▶ _To do_
The copy you return must match the listing word for word and carry no pictures.

▶ _Data extract_
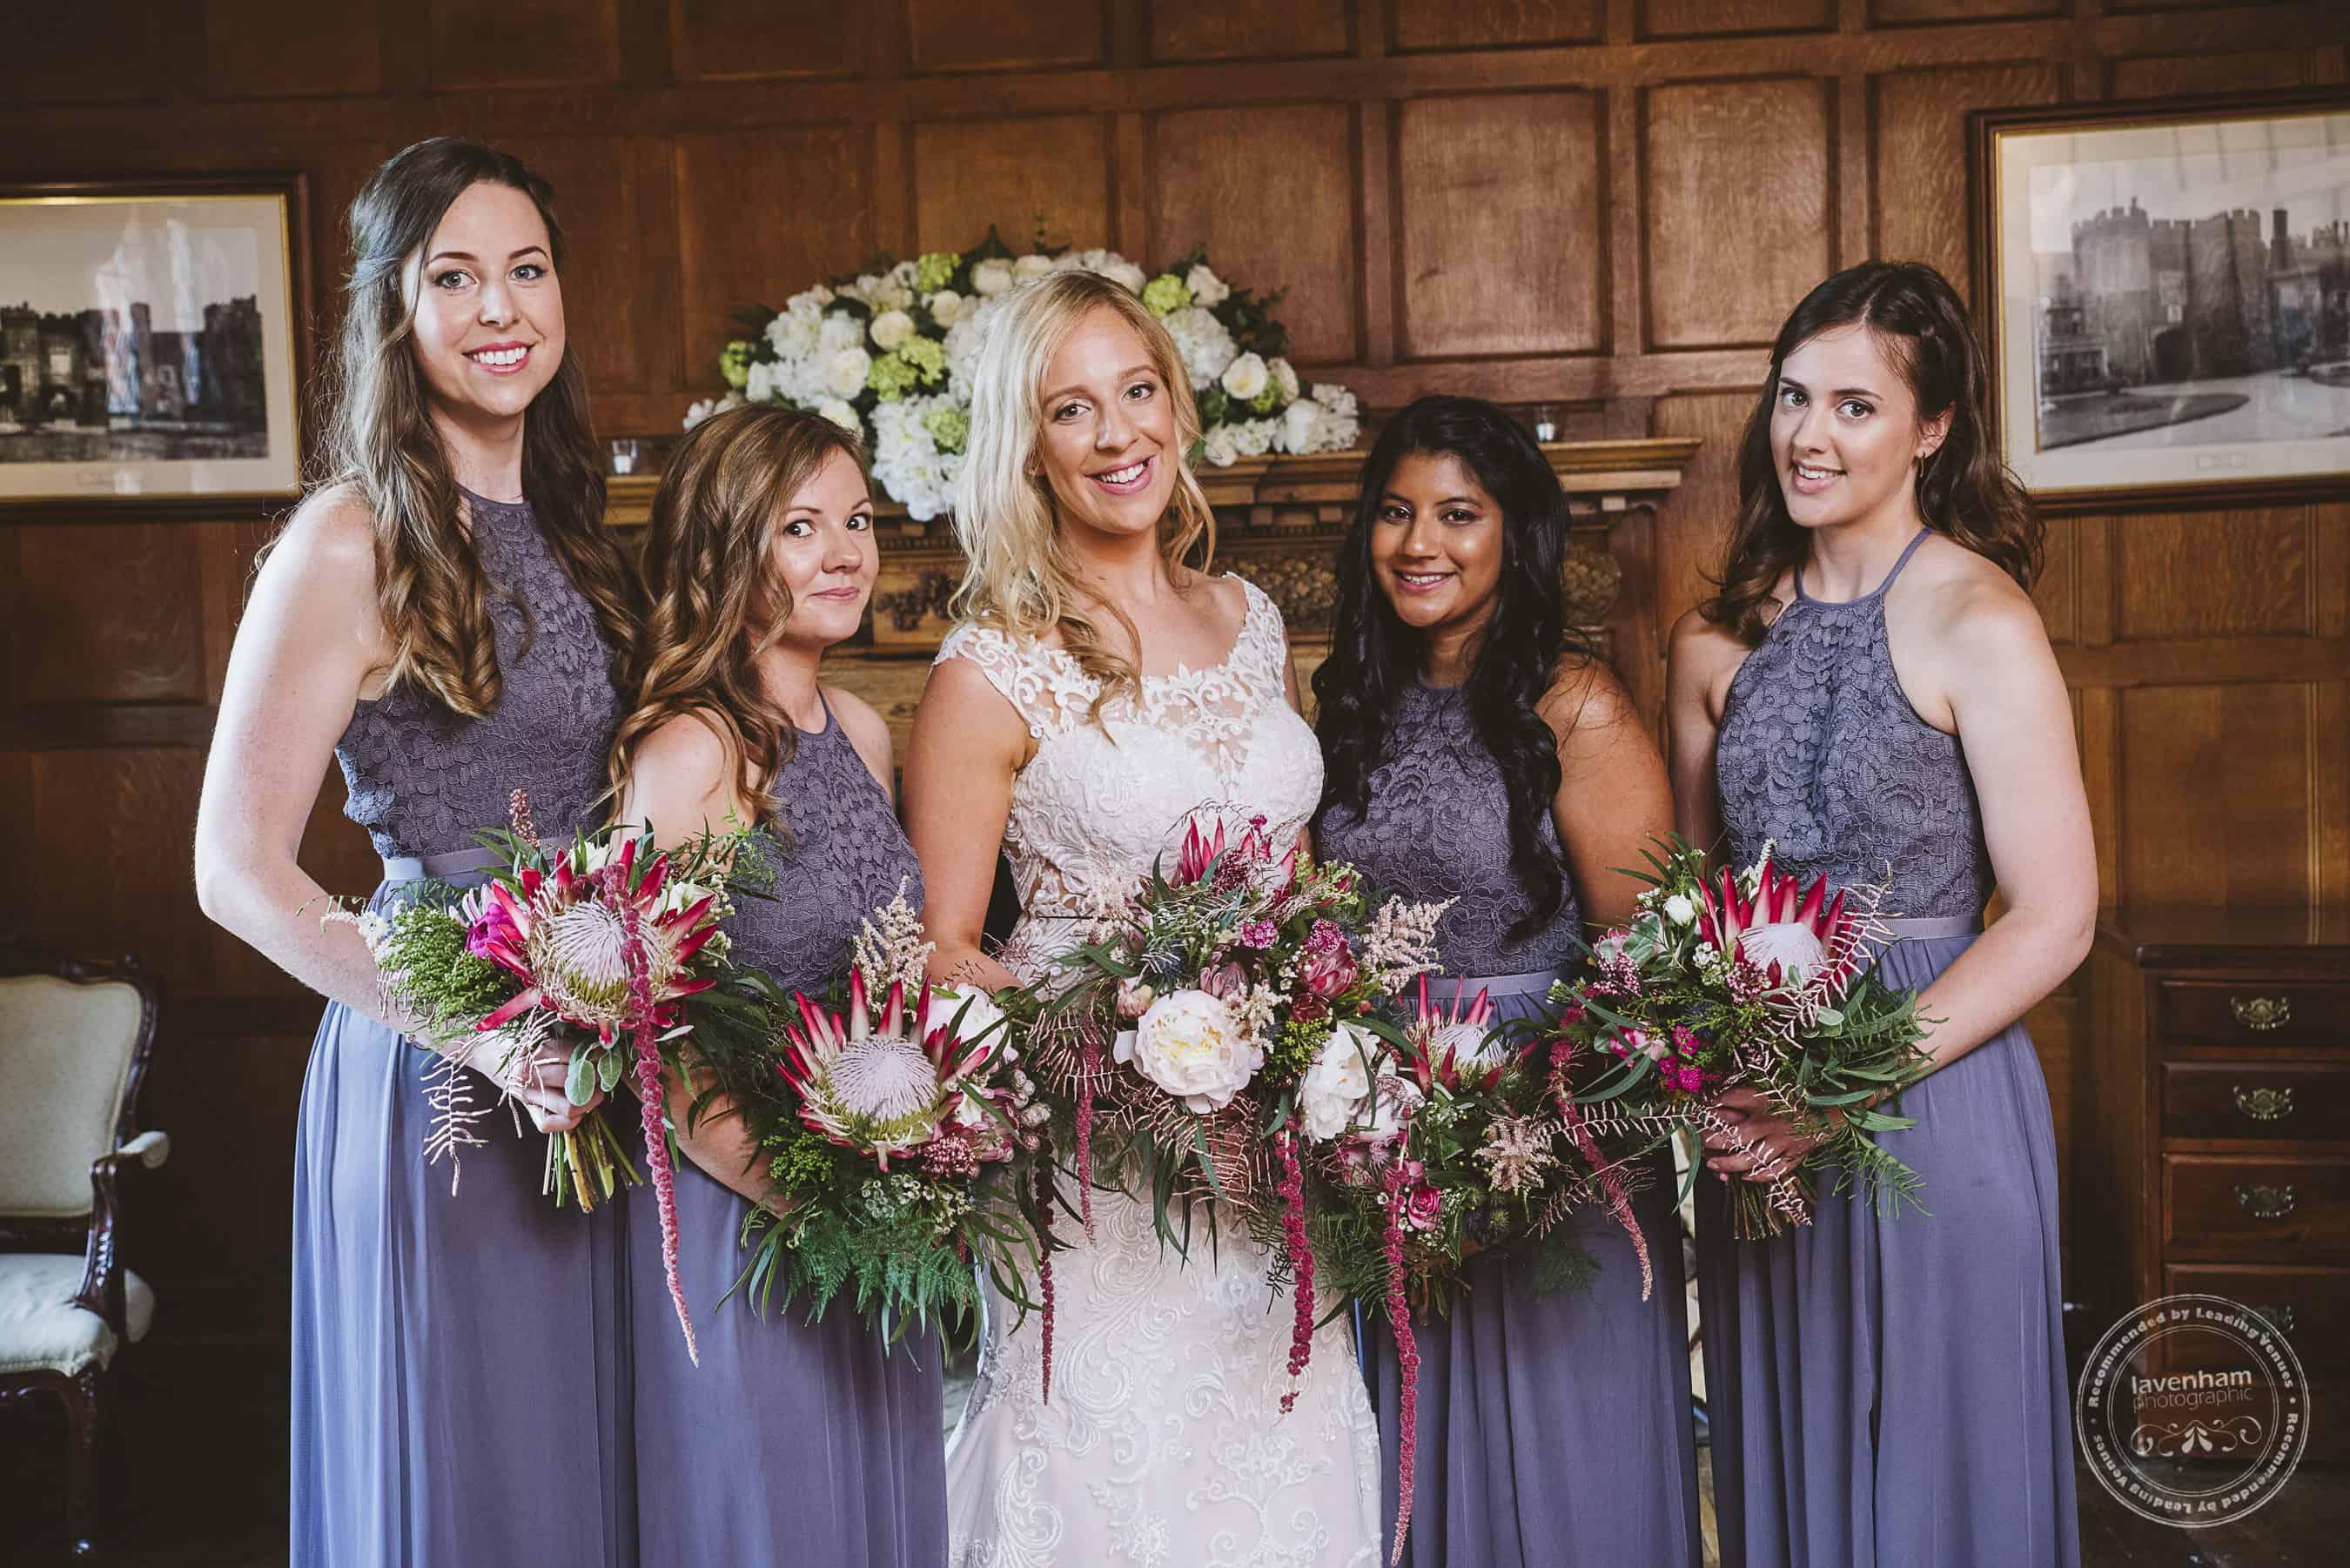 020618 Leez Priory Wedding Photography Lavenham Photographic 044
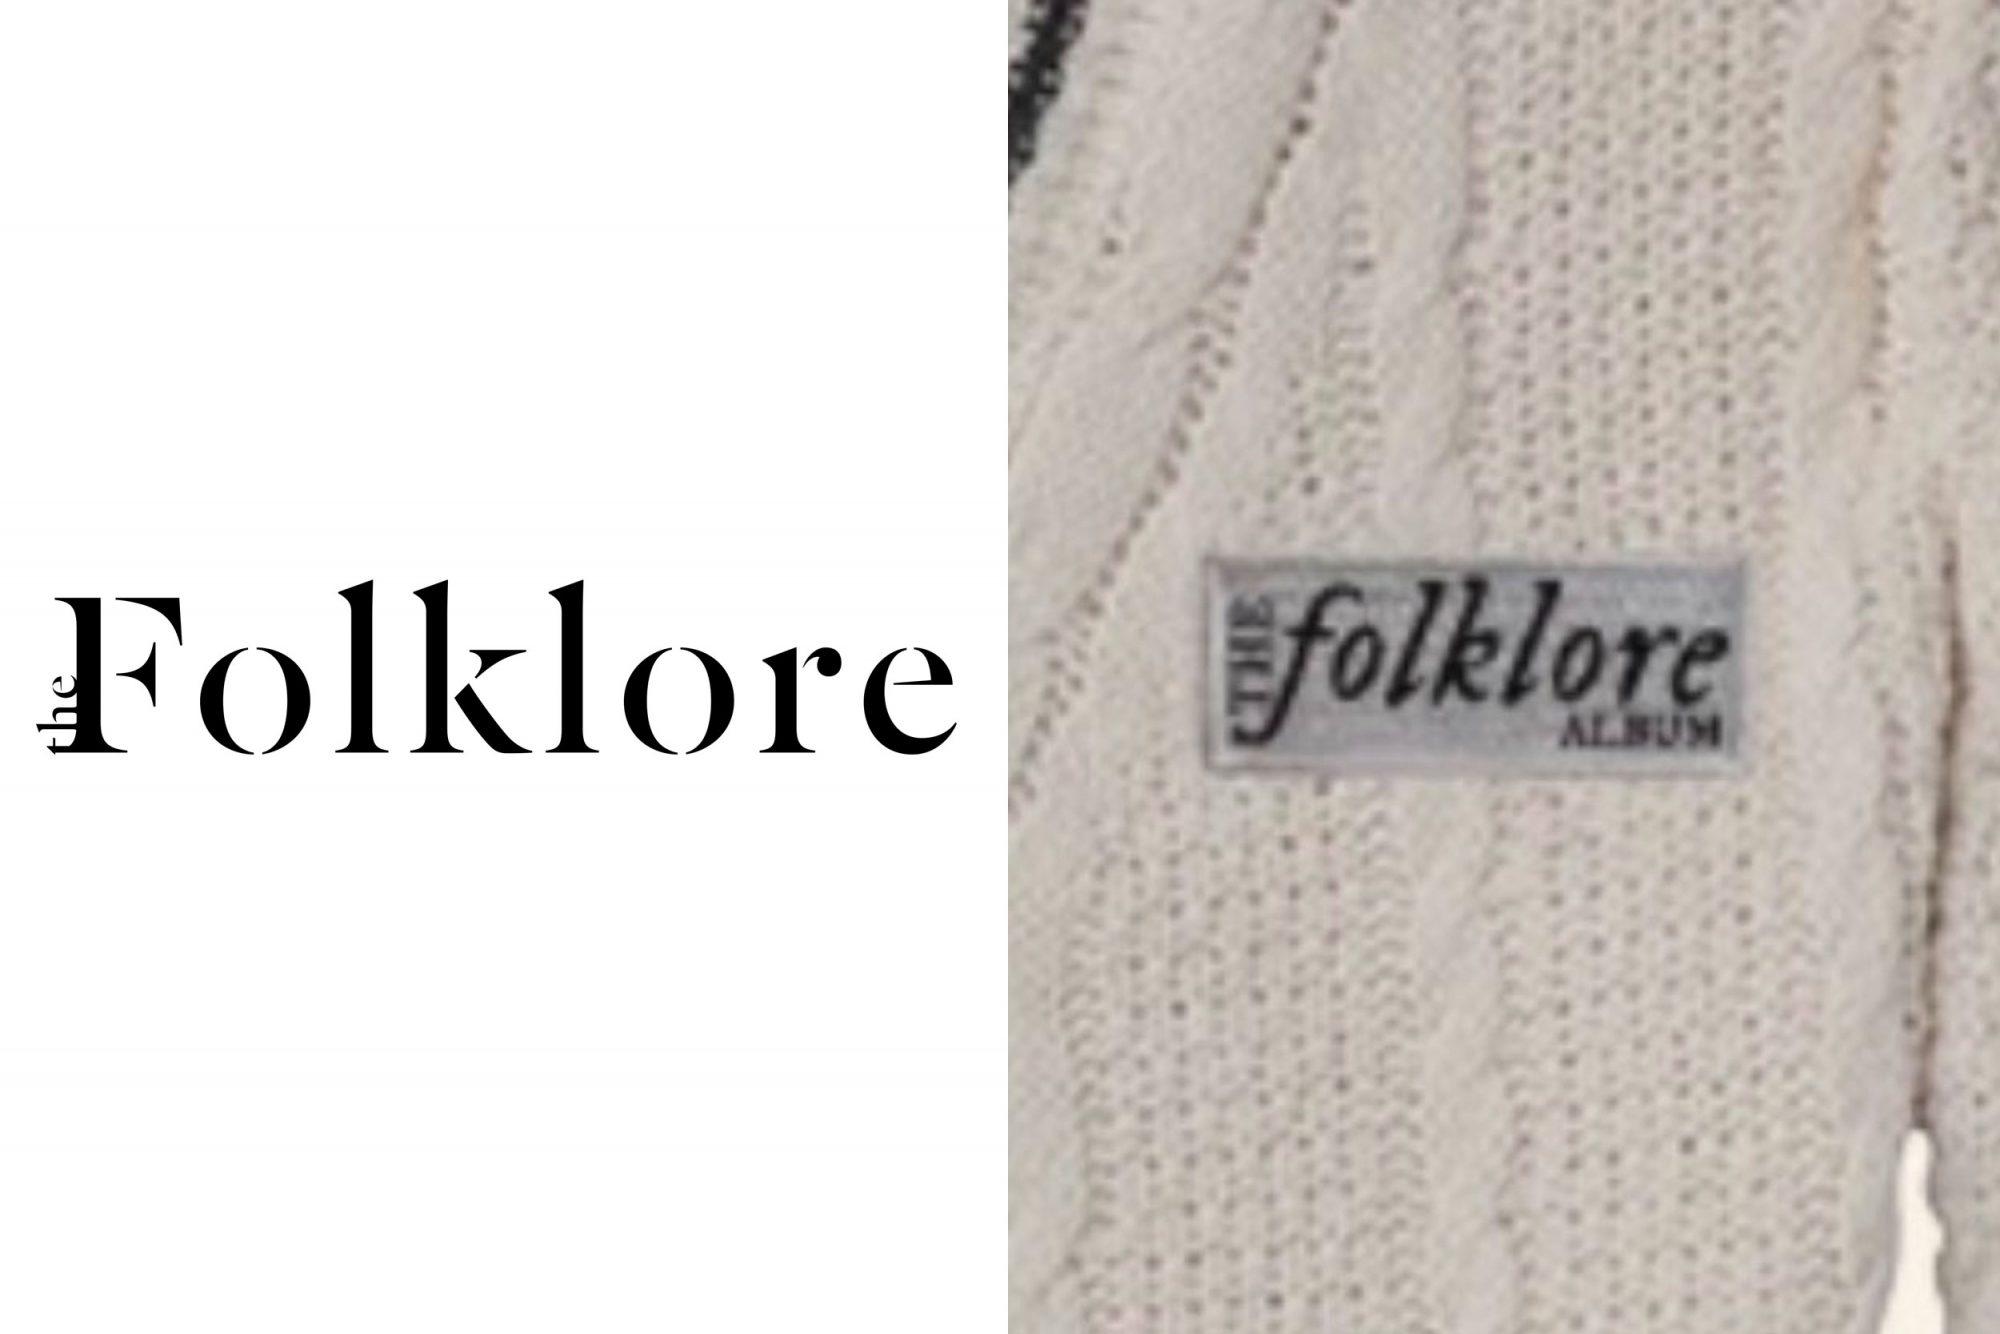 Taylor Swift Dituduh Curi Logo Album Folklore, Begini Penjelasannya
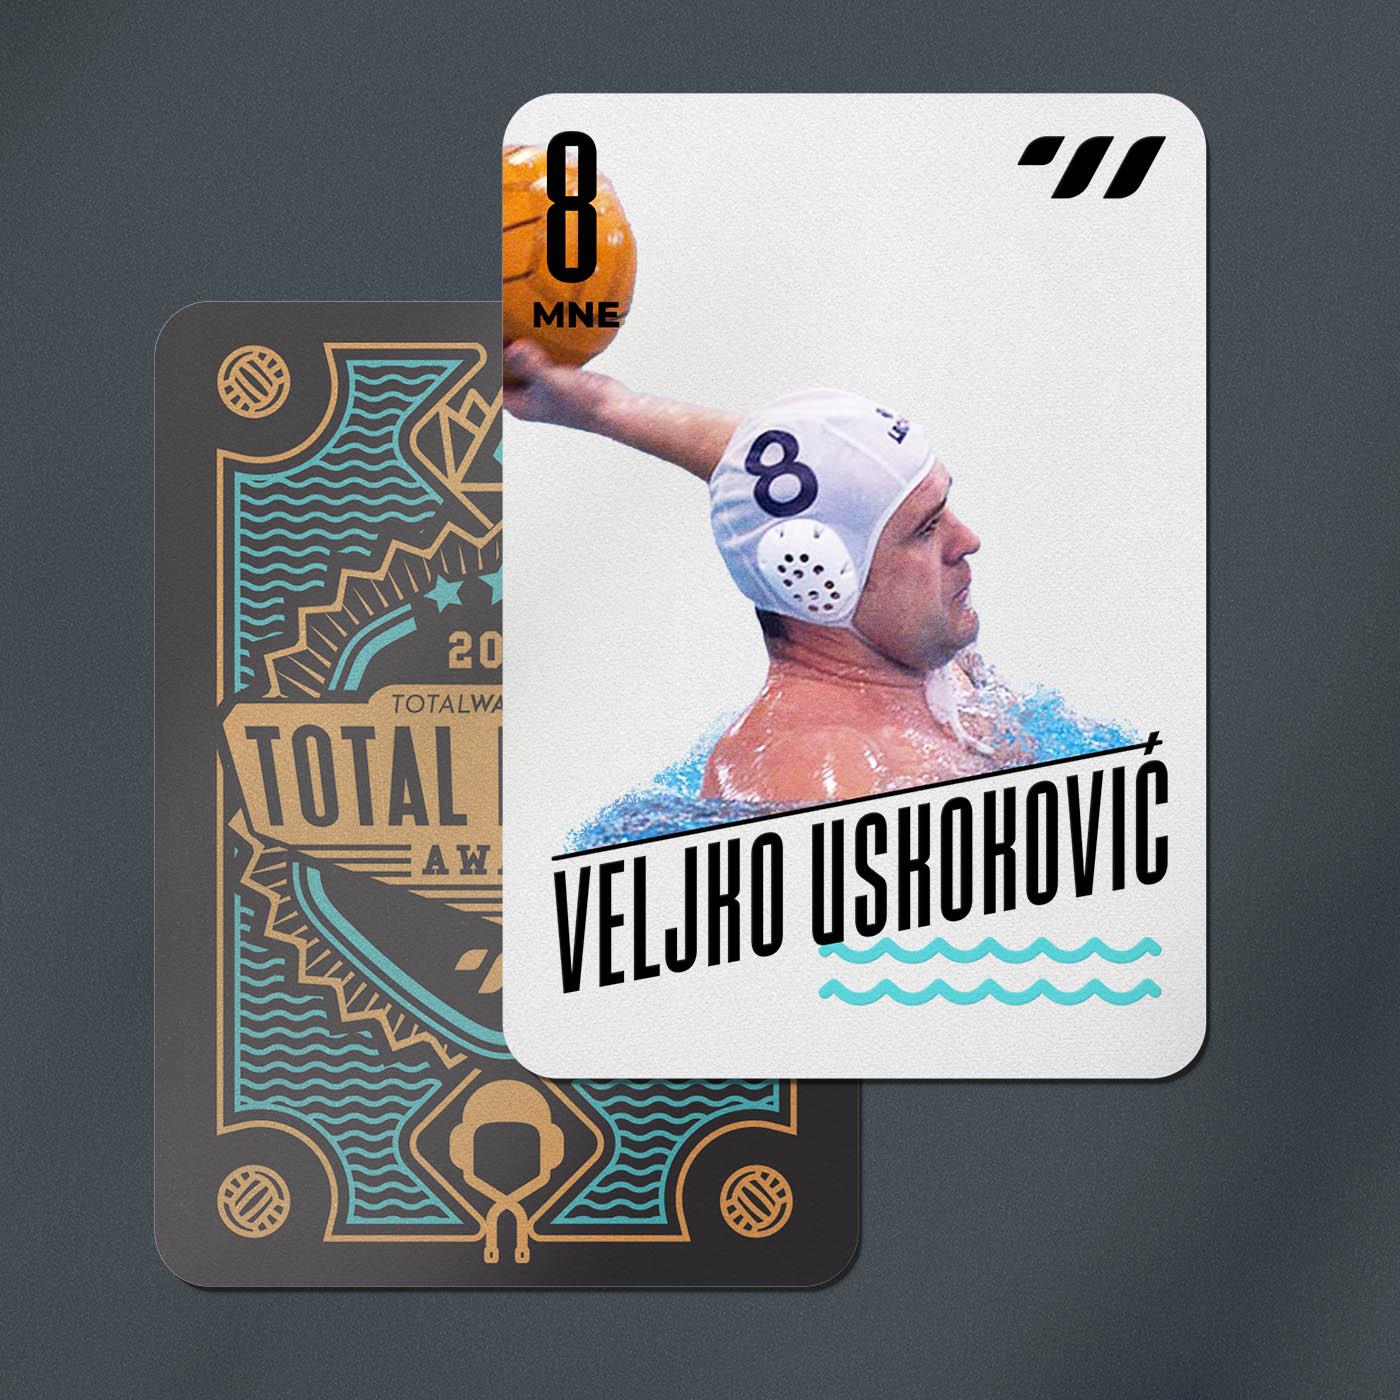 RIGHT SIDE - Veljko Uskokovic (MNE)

▶ _Result below_
 020618 Leez Priory Wedding Photography Lavenham Photographic 044
 Taylor Swift Dituduh Curi Logo Album Folklore, Begini Penjelasannya
 RIGHT SIDE - Veljko Uskokovic (MNE)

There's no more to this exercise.